Securing our National Archives for Future Generations

What is ARCHANGEL

ARCHANGEL is a 24 month socio-technical feasibility study co-creating and evaluating a novel prototype DLT service with end-users to determine how archival practices, sustainable models and public attitudes could evolve in the presence of a trusted decentralised technology to prove content integrity and ensure open access to digital public archives.

Project Partners

To undertake this adventurous and ambitious project we have formed a strategic multi-disciplinary partnership uniting a world-leading group in multi-modal signal processing (CVSSP), the Centre for the Digital Economy (CODE) within Surrey Business School, and a consortium of AMI stakeholders including The National Archives and the Open Data Institute (ODI).

Why this matters

The aim of ARCHANGEL is to ensure the long-term sustainability of digital archives though the design, development and trialling of transformational new distributed ledger technology (DLT) to promote accessibility and ensure integrity of content, whilst maximising its impact through novel business models for commodification and open access.
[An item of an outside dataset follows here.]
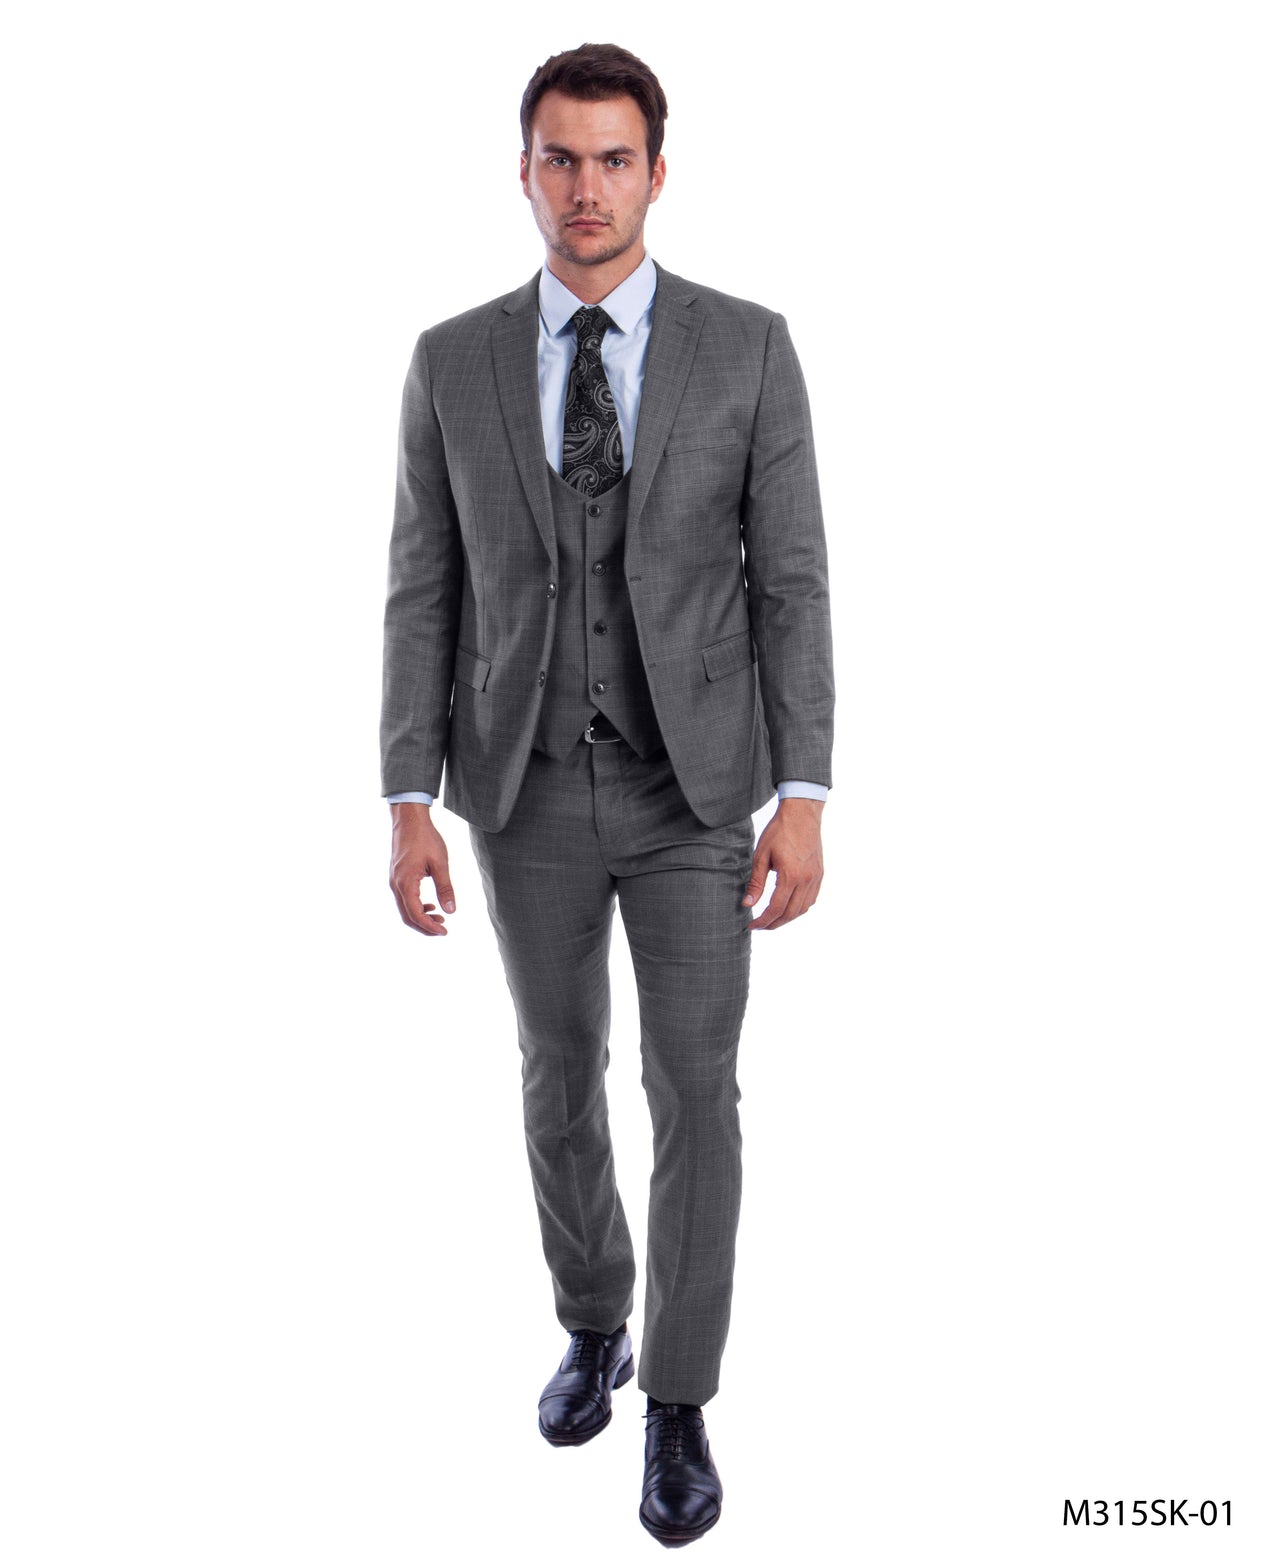 Gray Suit For Men Formal Suits For All Ocassions - Hattitude
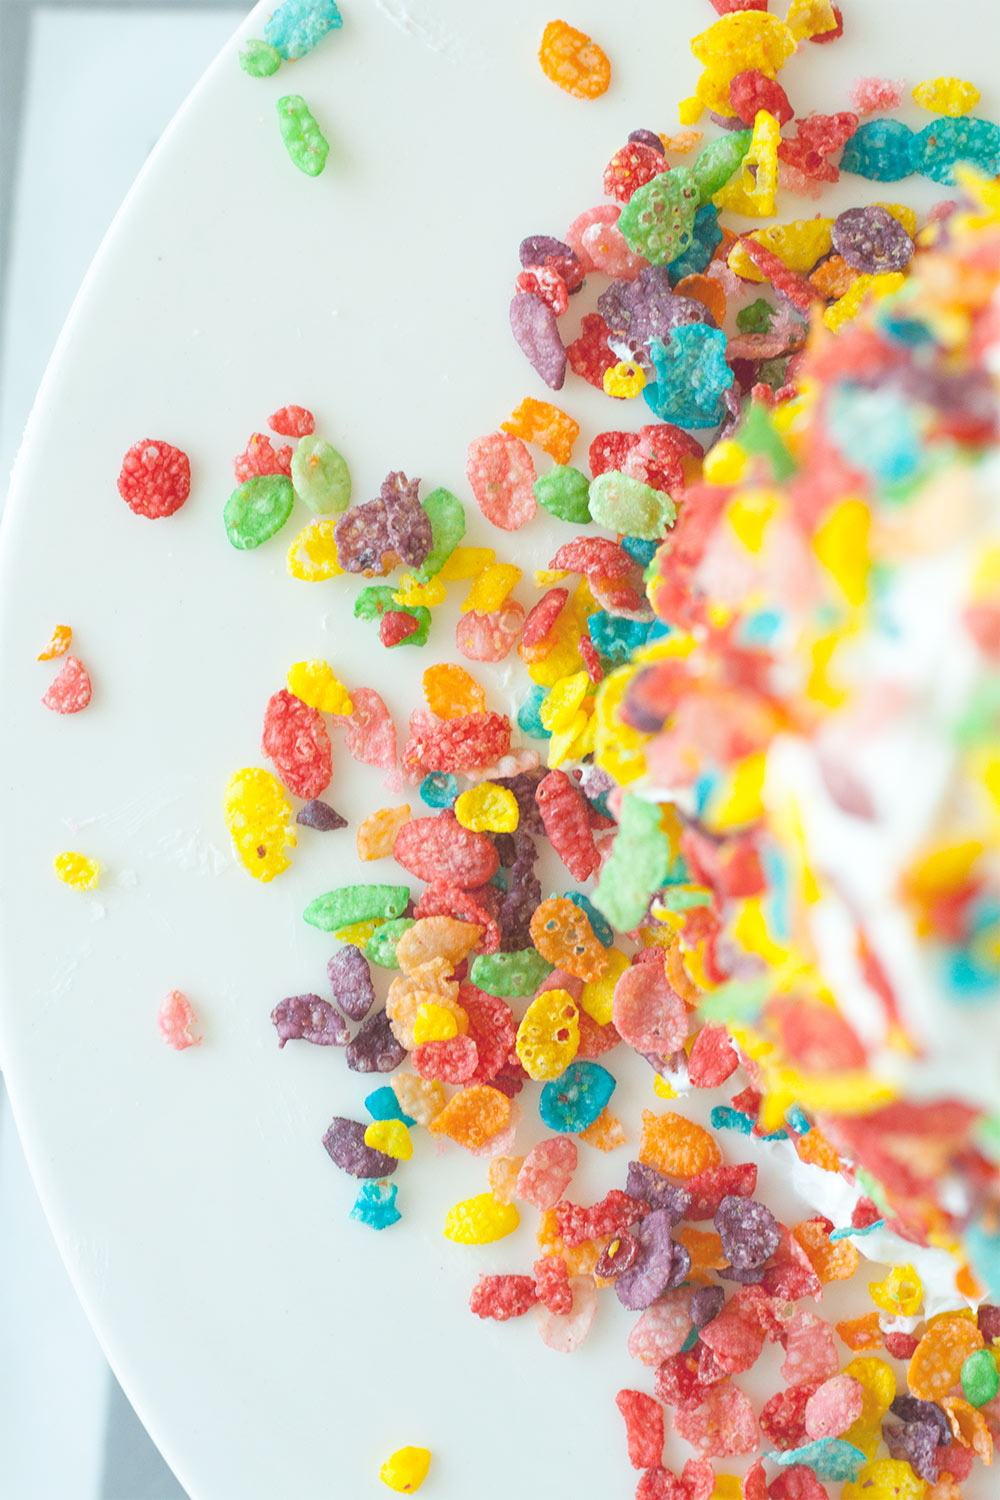 This cake is so party ready it comes with it's own confetti. Strawberry cake, fluffy white frosting, and rainbow breakfast cereal are all you need for this Fruity Pebbles Cake recipe! Pin for later or click through for the recipe.

Archives and Memory Institutions (AMIs) are the lens through which future generations will perceive today; they form the authoritative economic, social and cultural memory of a nation.

For example, The National Archives (>15 petabytes) is one of the world’s largest and oldest AMIs responsible for preserving the digital record of the UK Government e.g. key decisions made by Ministers and advice received. Some of this information is made open, some kept closed for decades. AMIs are founded upon the principle of public trust, of being neutral and completely trustworthy; the immutability and integrity of AMIs are essential to maintaining their objectivity.

Yet world history is littered with examples where this objectivity has been compromised e.g. through expunging of physical records during times of political unrest. Today’s digital age presents new socio-technical challenges to AMIs around safeguarding of data. Digital public records are intangible and so easy to remove or modify without that modification necessarily being detectable. Indeed in some cases records have to be modified to ensure their continued accessibility as formats change and the curation of data is also accompanied by the need to maintain associated code to render that data for presentation, often across decades.

How should decisions over migration or prioritisation of maintenance be taken, or audited? What are the implications of migrations resulting in minor losses of fidelity one hundred years from now? How can the public be sure that digital content when released is fundamentally unaltered from the original? Existing archival practice is ill-equipped to respond to such issues, and is in urgent need of disruption to keep pace with our transformation into an increasingly digital society, so ensuring the integrity and impartiality of knowledge for future generations.

Our approach

From a technological standpoint, ARCHANGEL will leverage cutting-edge machine learning to collect robust digital signatures derived from digitised physical, and born-digital content, within a permissioned DLT.

Both signatures and programmatic code to render content and verify its provenance and integrity will be encoded within the DLT. Novel business models for sustaining the DLT e.g. via contributed effort (proof of work) will be explored at the points of creation and consumption using a cross-AMI model in which a single DLT is contributed to by multiple AMIs, across disciplines and nations, mitigating risk of archive distortion by its operating AMI.

Impact is not limited to traditional AMIs, but any digital public archive: University research data repositories (linked to DOI); better management of corporate memory in multi-nationals (e.g. financial/regulatory compliance, managing records of prior art in tech companies).